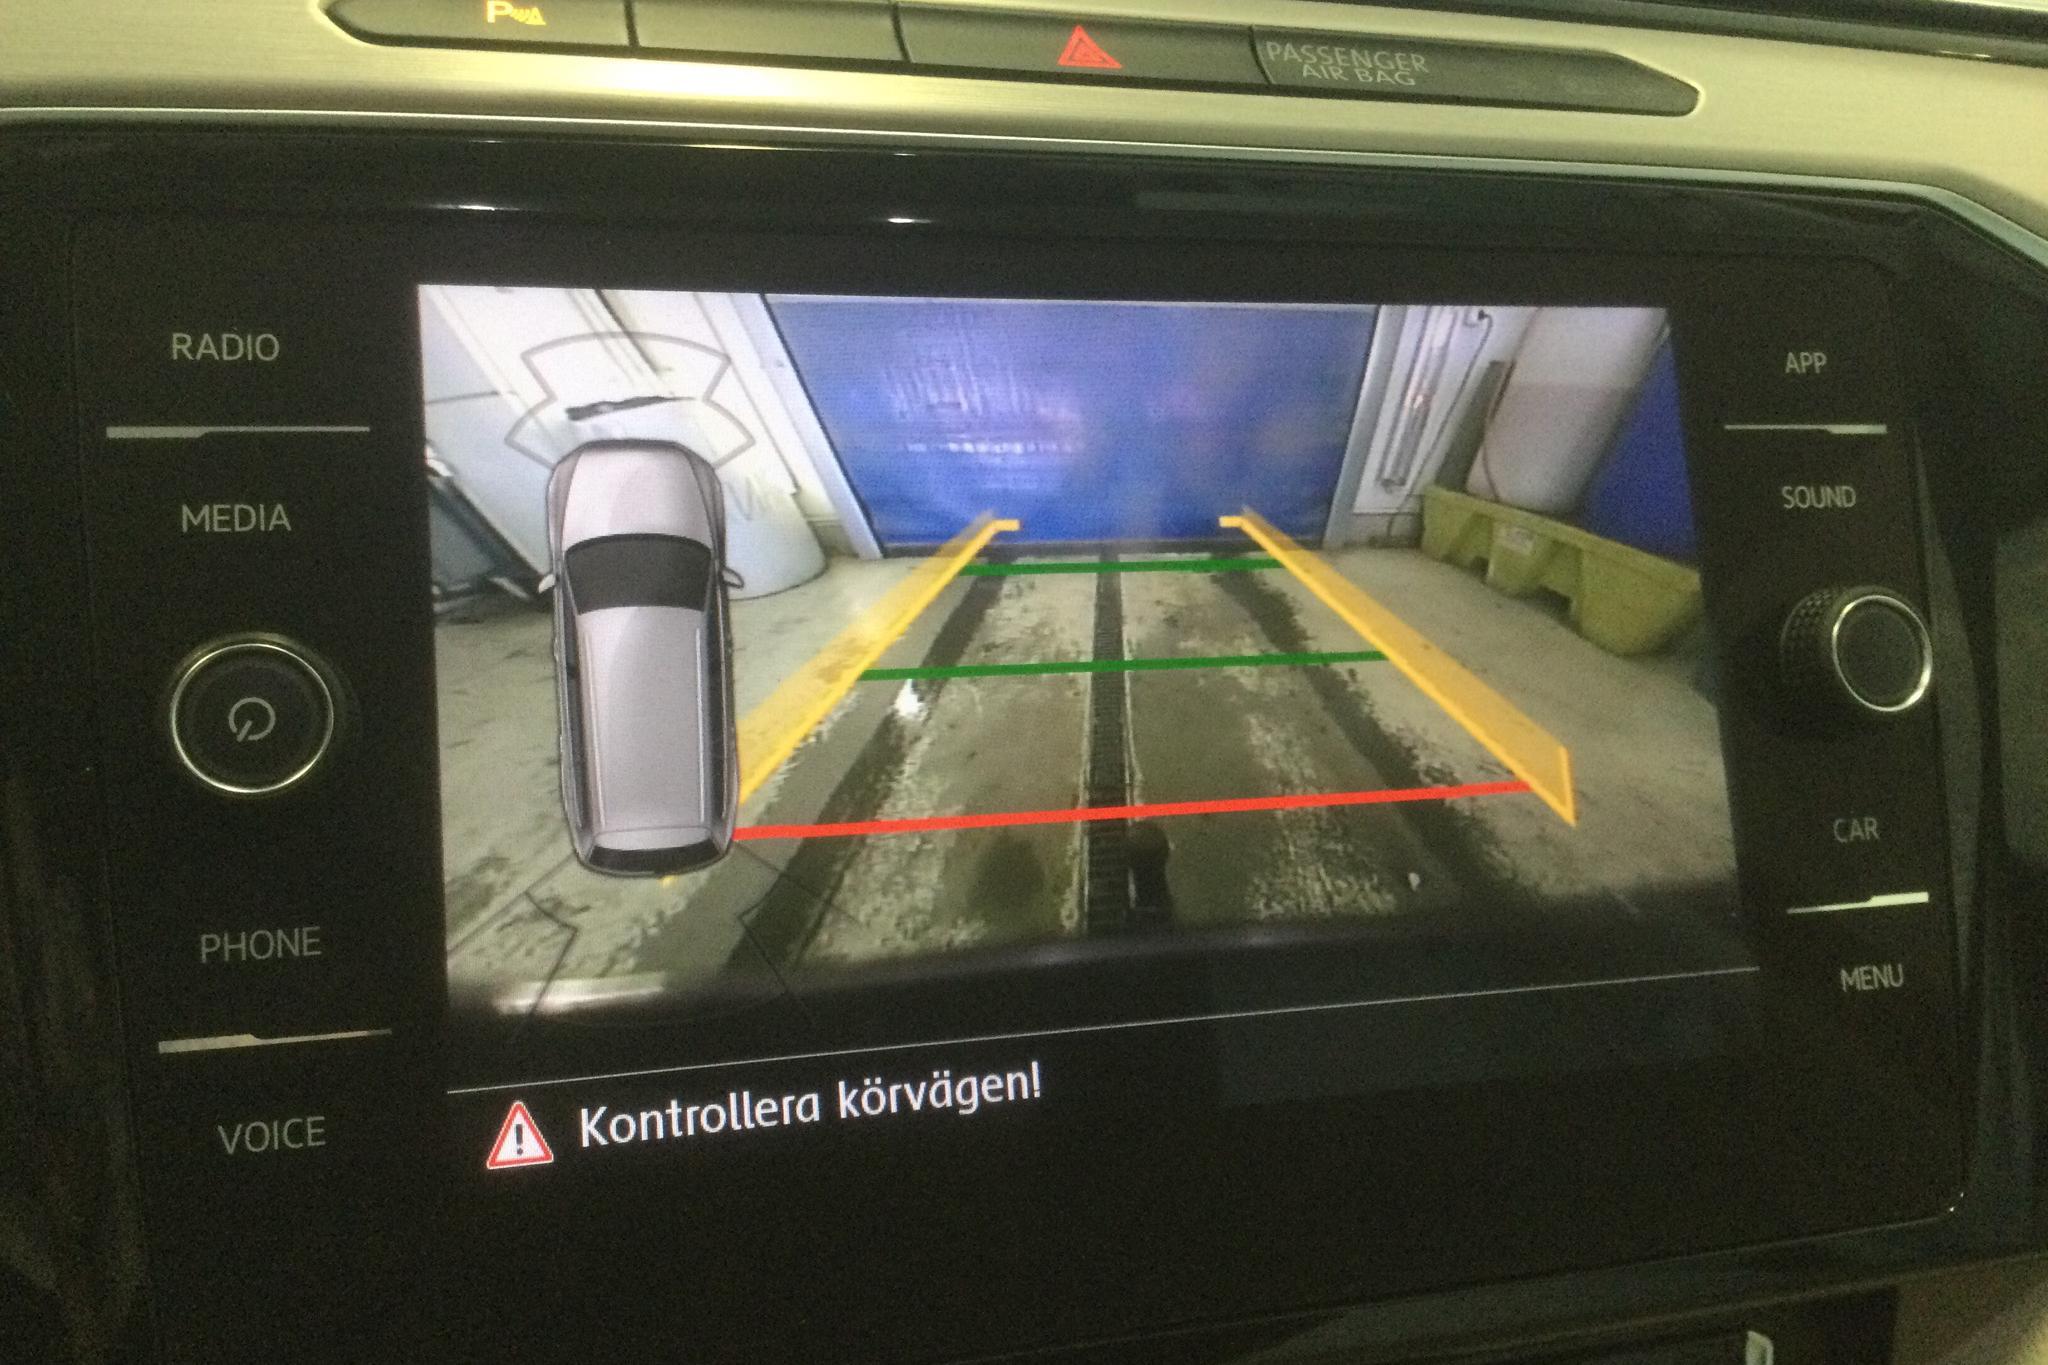 VW Passat Alltrack 2.0 TDI Sportscombi 4MOTION (190hk) - 51 560 km - Automatic - Dark Red - 2018
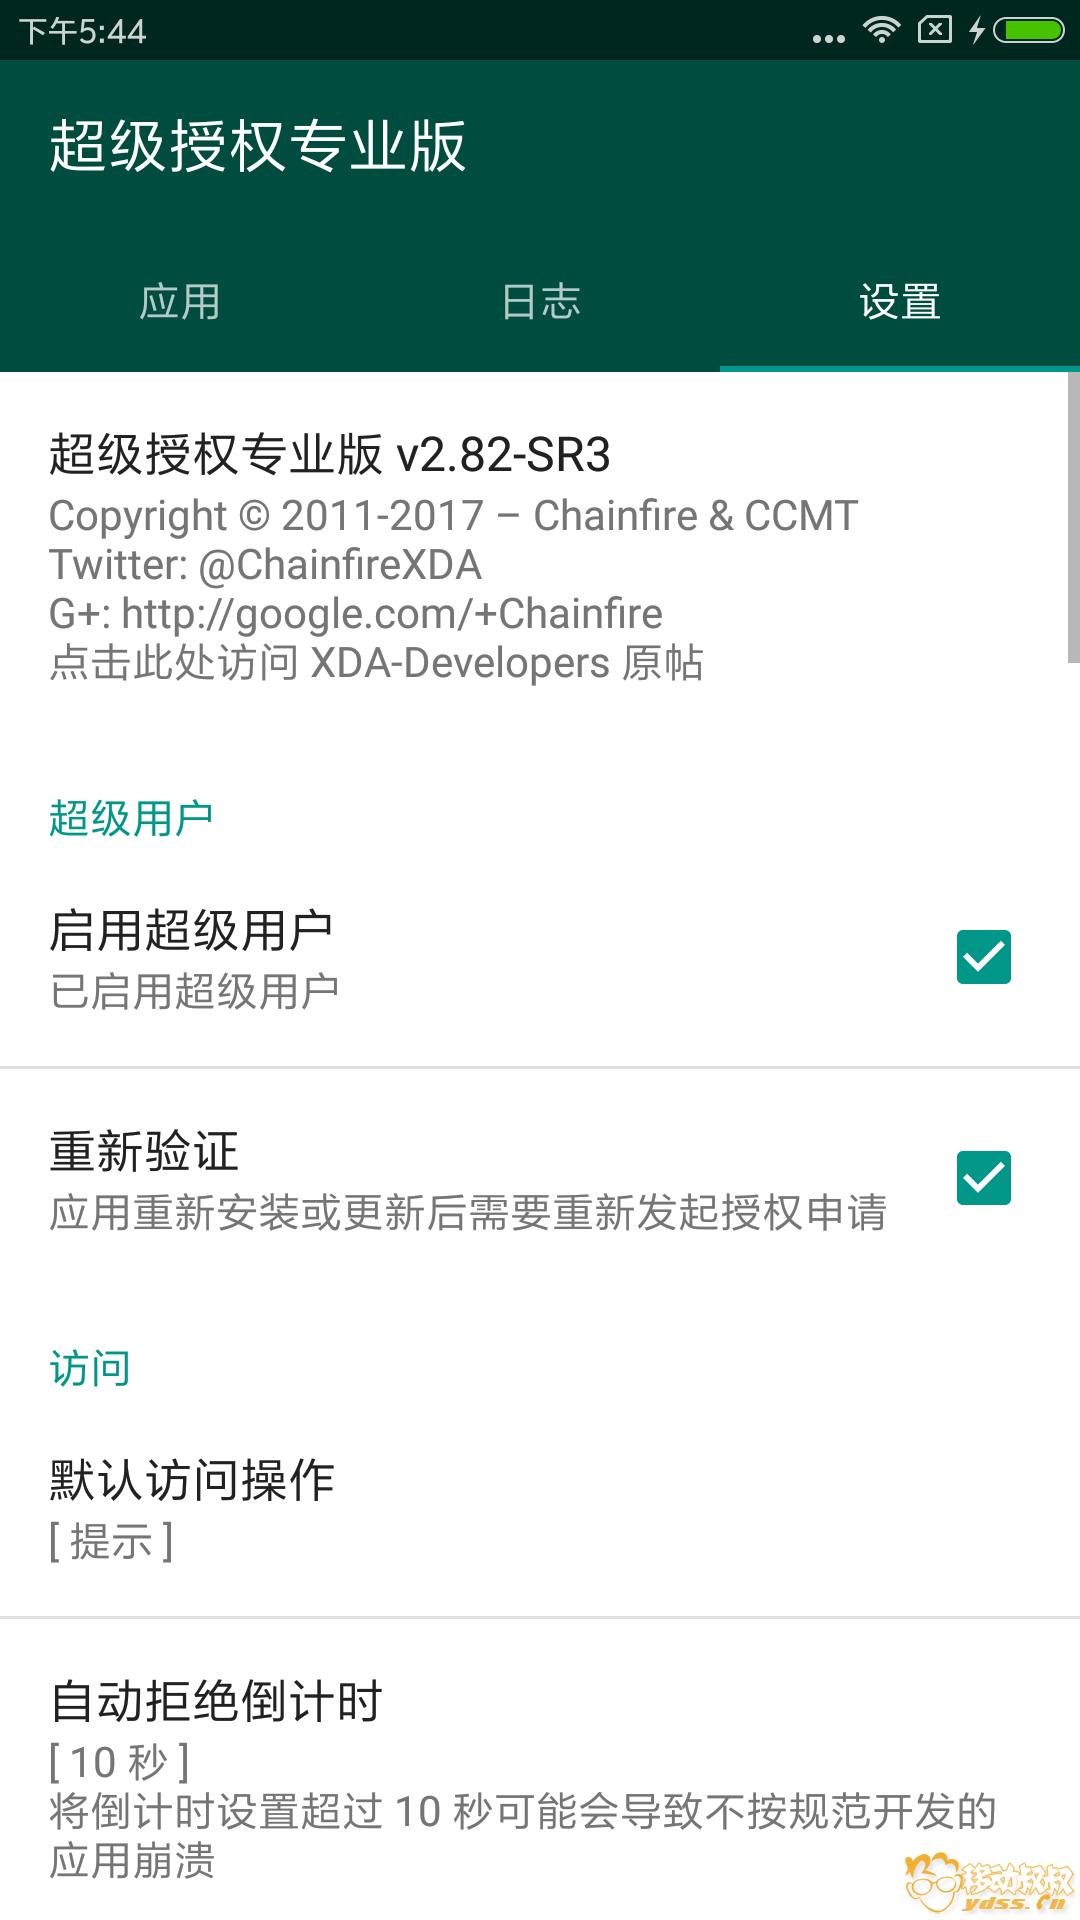 Screenshot_2018-03-23-17-44-11-574_eu.chainfire.supersu.png
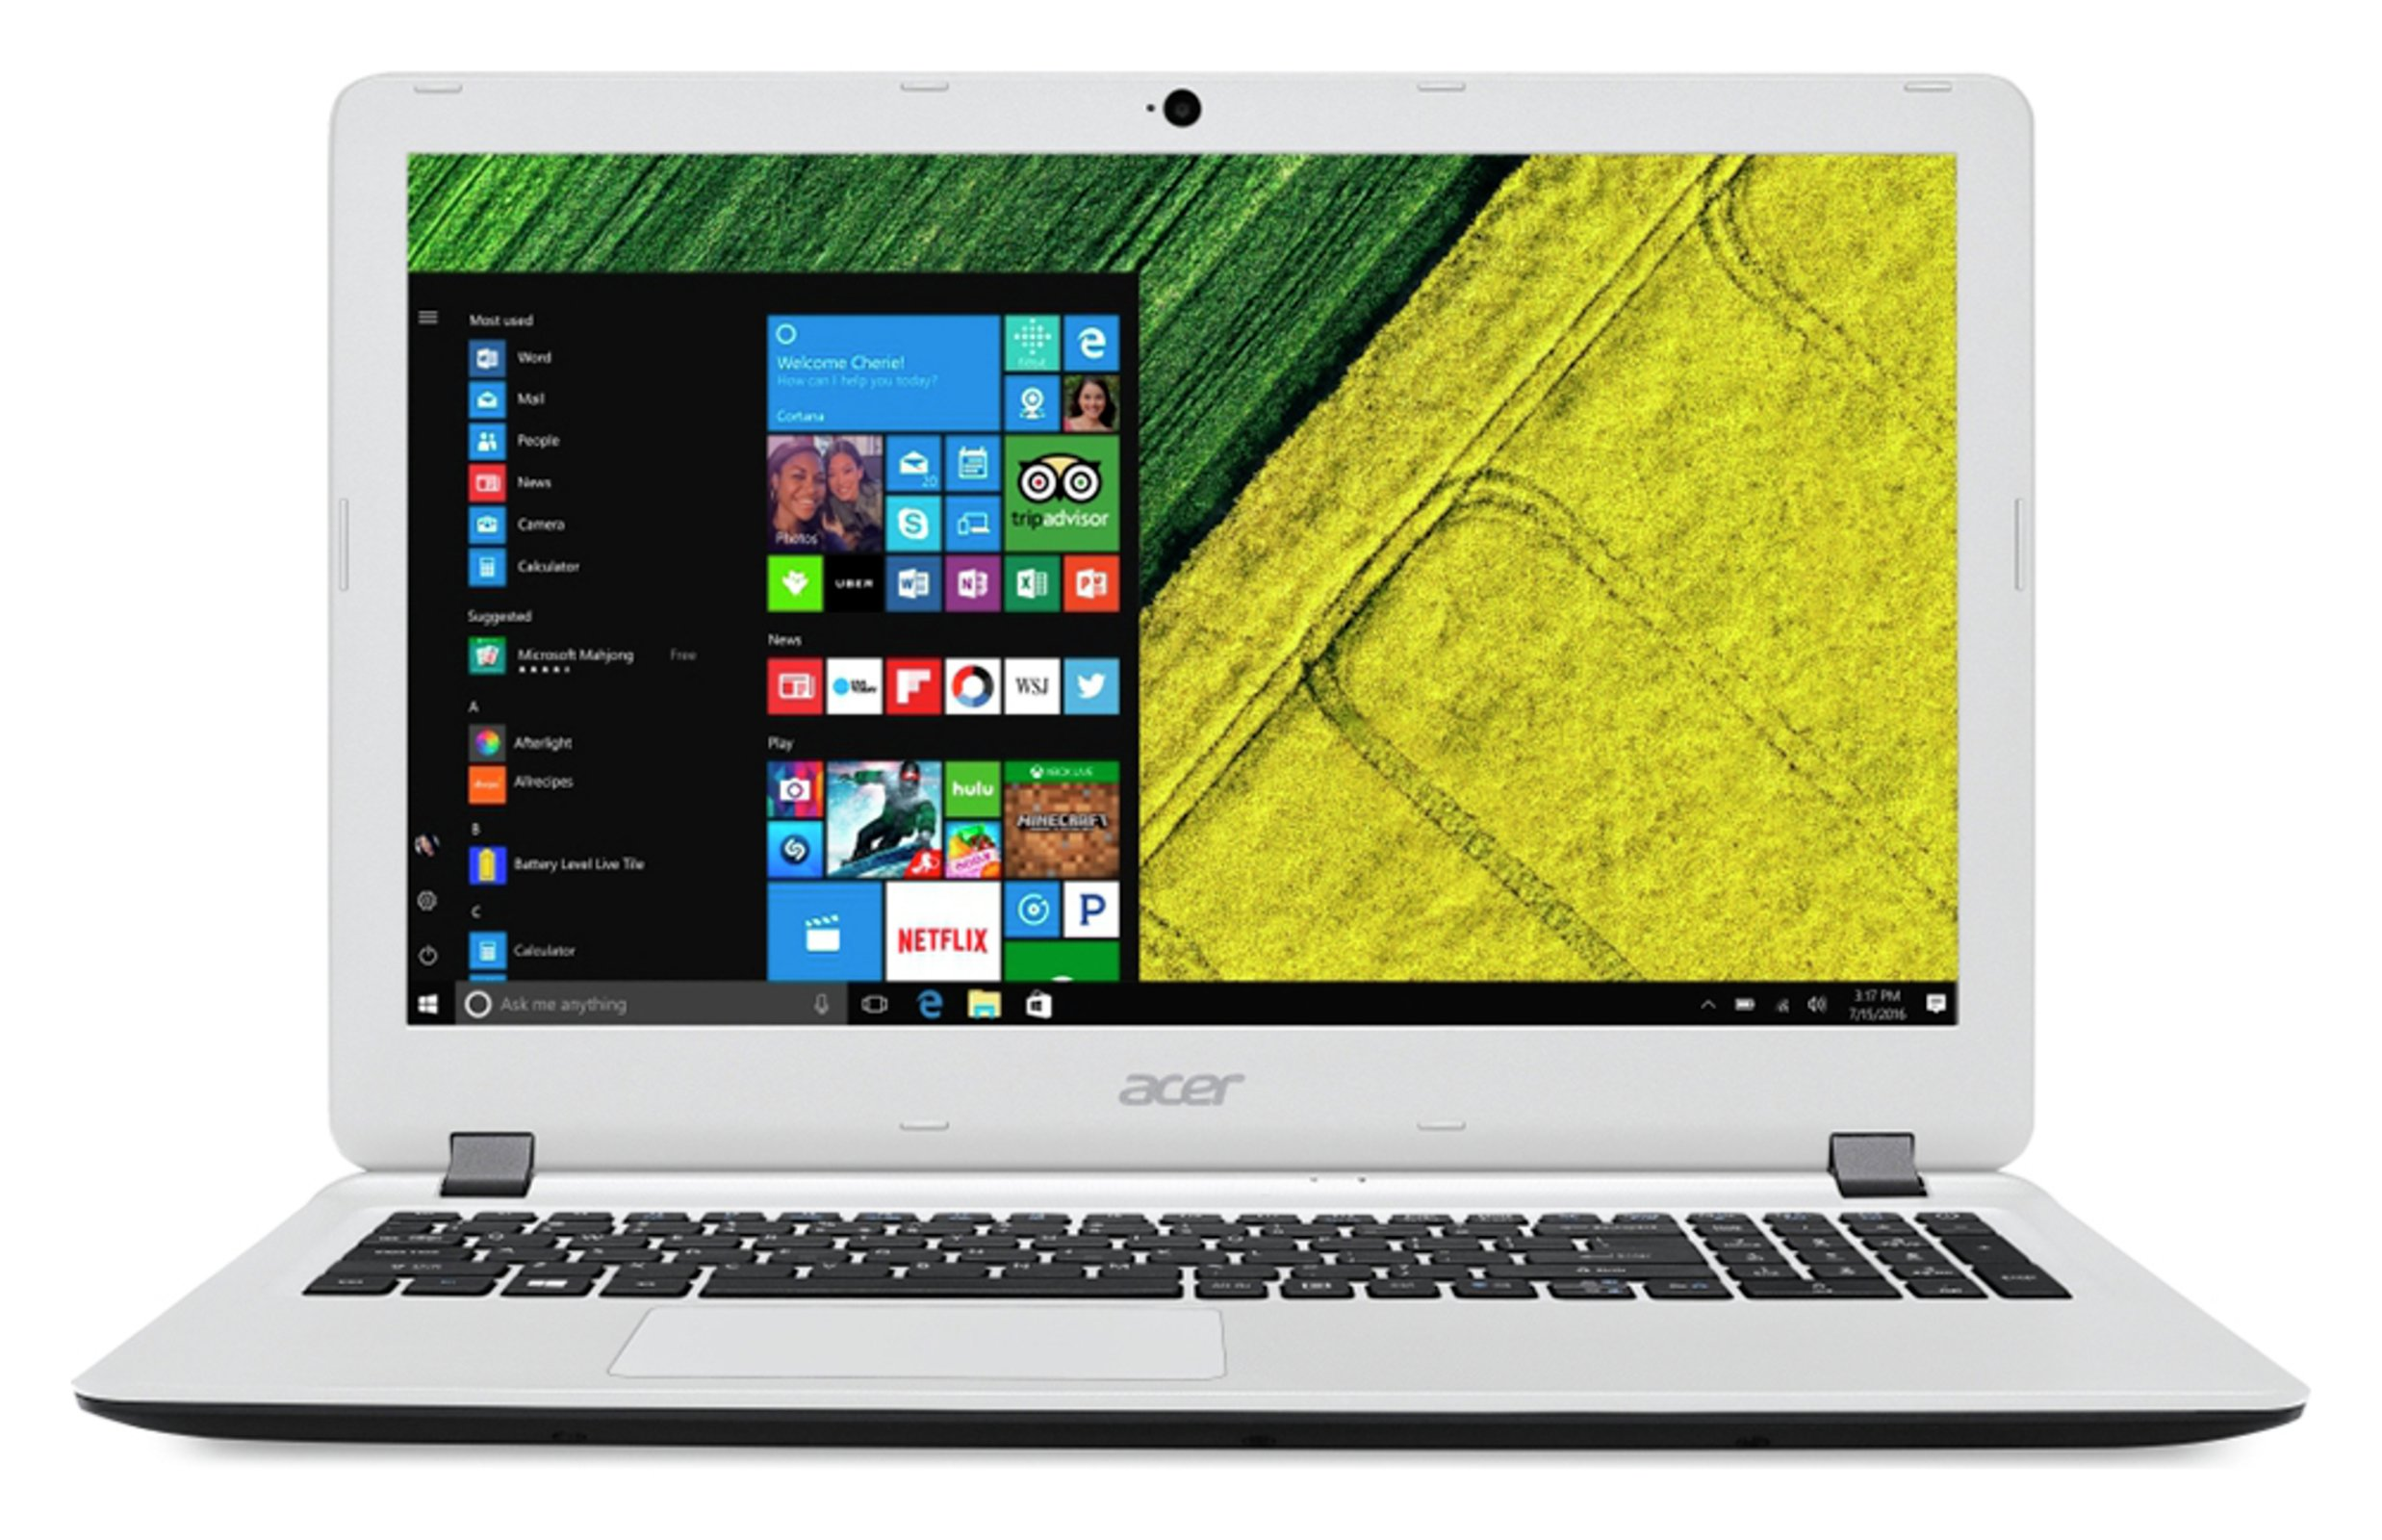 Sale On Acer Aspire Es1 533 15 6 Inch Celeron 8gb 1tb

§ **Required action**
Leave out the pictures, and write out all the remaining data above exactly.

§ **Written answer**
 VW Passat Alltrack 2.0 TDI Sportscombi 4MOTION (190hk) - 51 560 km - Automatic - Dark Red - 2018
 Screenshot_2018-03-23-17-44-11-574_eu.chainfire.supersu.png
 Sale On Acer Aspire Es1 533 15 6 Inch Celeron 8gb 1tb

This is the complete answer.